For #AppreciateADragonDay, here are two versions of an illustration depicting Draco the dragon with the Ursa Major and Ursa Minor bear constellations.

The first is from a medieval Carolingian illuminated manuscript known as the Leiden Aratea:

Aratus (Leiden Aratea), MS Voss. lat. Q 79, f. 3v. Carolingian, c. 830-40. Leiden University Library. [Wikimedia Commons]

Centuries later, Dutch humanist Hugo Grotius (1583-1645) acquired this manuscript and proceeded to publish his own version, featuring engravings by Jacobus De Gheyn II (c. 1565-1629) based on the original illuminations:

Syntagma Arataeorum, fol. 3v. Leiden, 1600. [Wikimedia Commons]

Here is more information about the direct, if not well-known, connection between these two manuscripts, from the Linda Hall Library‘s online exhibition Out of This World: The Golden Age of the Celestial Atlas:

After the initial edition of 1499, the Phaenomena of Aratus, along with its three classical commentaries, was regularly reprinted, but usually as part of a package that included Hyginus’s Poeticon, the Sphere of Proclus, and other ancient astronomical writings. But in 1600 Hugo Grotius published a beautiful edition of the Aratea alone. His book was the direct result of his acquisition of an exquisitely illuminated ninth-century manuscript of Aratus, in the Germanicus Caesar version. Grotius called on the notable engraver Jacobus De Gheyn to convert the manuscript paintings into engravings, and these were incorporated into the printed book. Not only are these the finest constellation figures printed to date, but they would have a long-lasting influence on celestial iconography, since De Gheyn’s engravings served as inspiration, and occasionally as explicit models, for many of the constellation figures in Bayer’s Uranometria.

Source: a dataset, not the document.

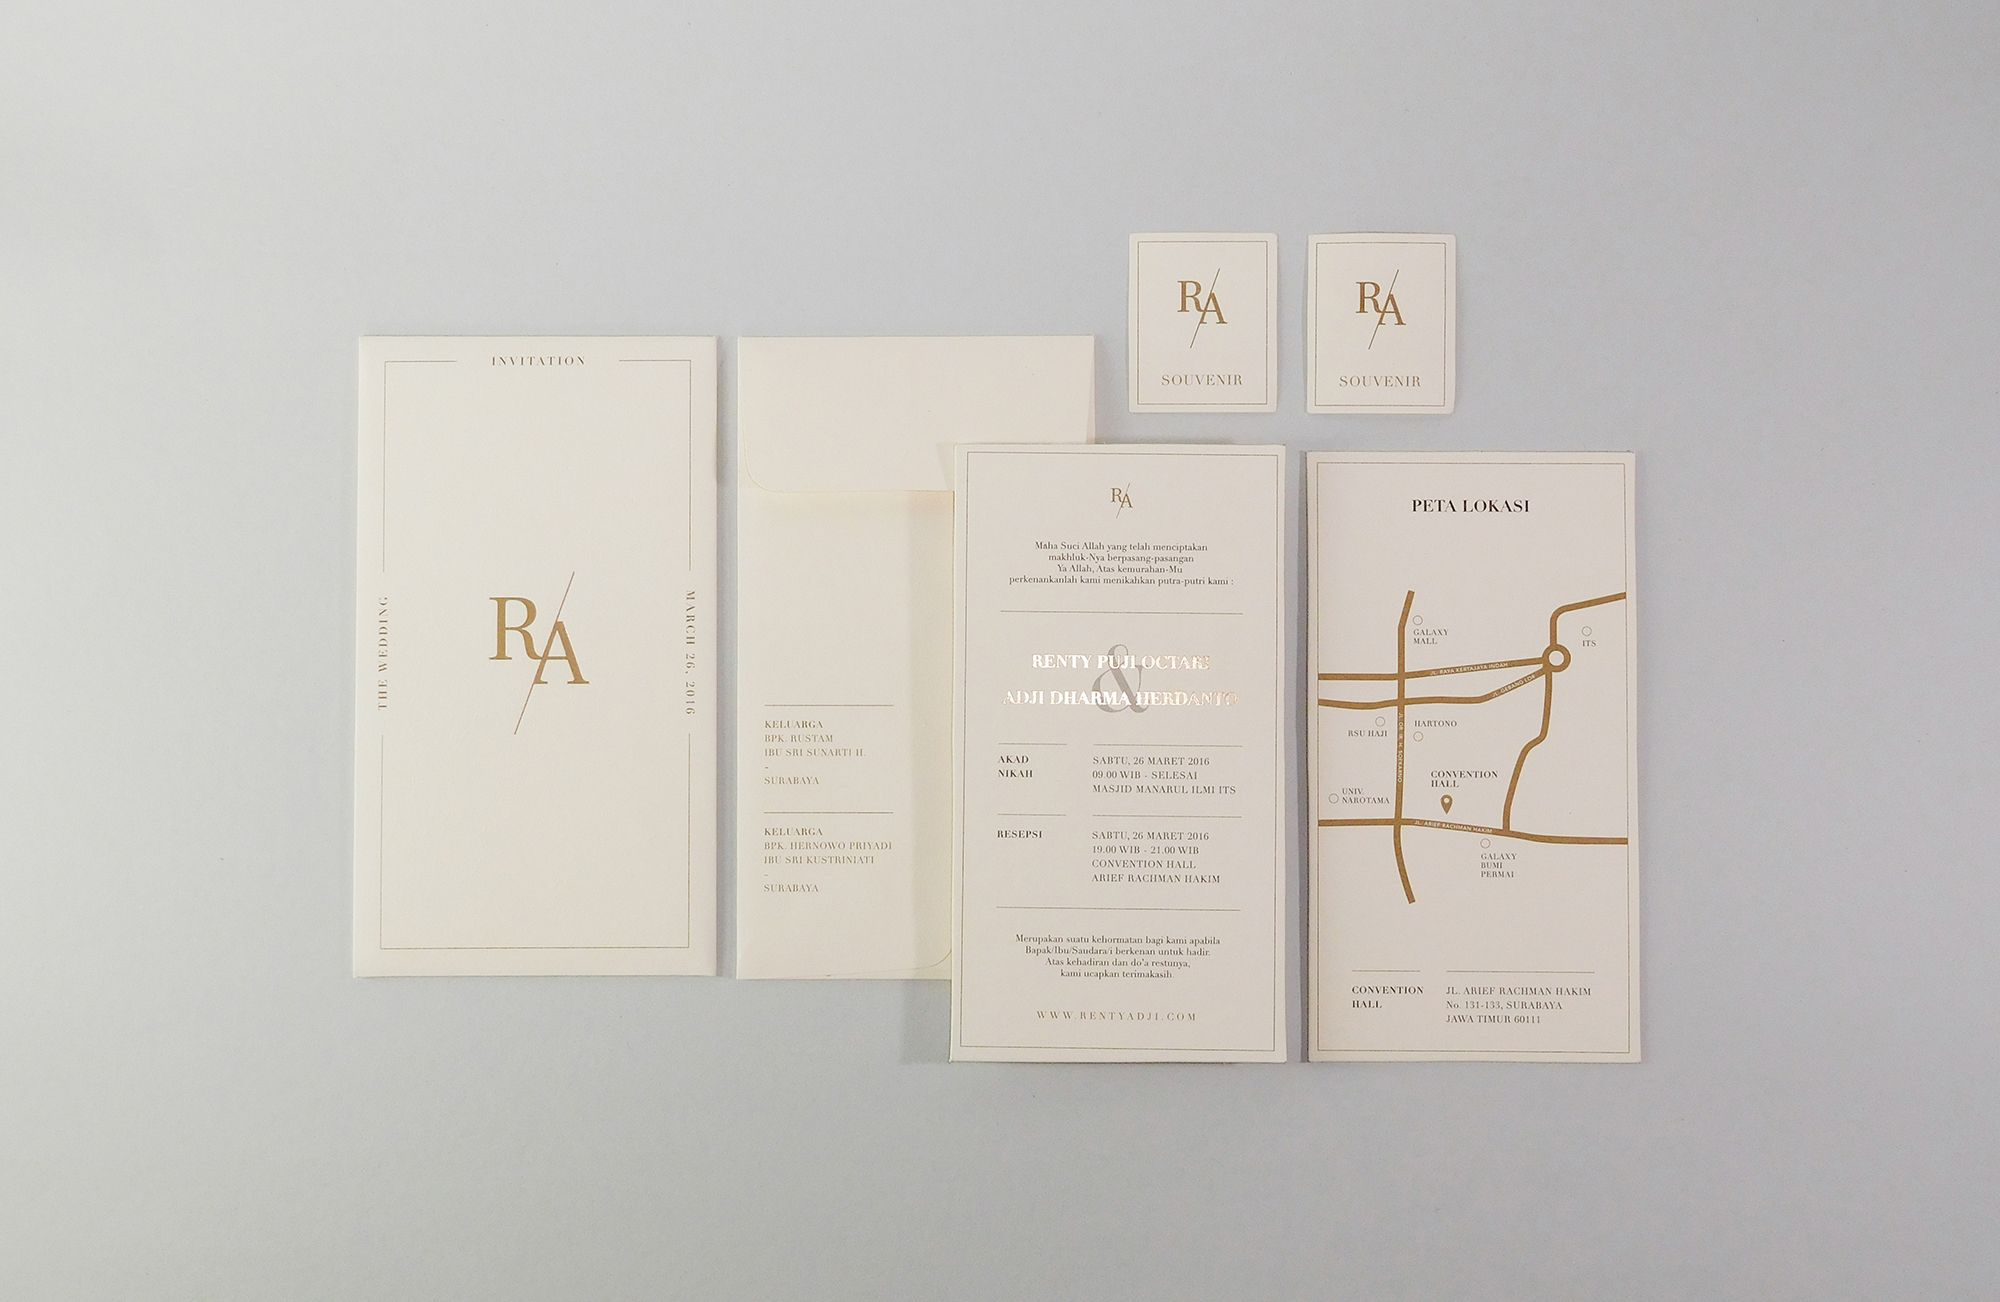 March 26 A minimalist design for

Many modern commentators seem unaware of the role played by the ninth-century manuscript, for it is often said that the De Gheyn illustrations were based on the woodcuts in the 1482 edition of Hyginus, and this is simply not true. The Aratus manuscript owned by Grotius survives to this day; it is one of the treasures of the Reijksuniversitet in Leiden, and it is known to scholars as MS Voss. lat. Q79.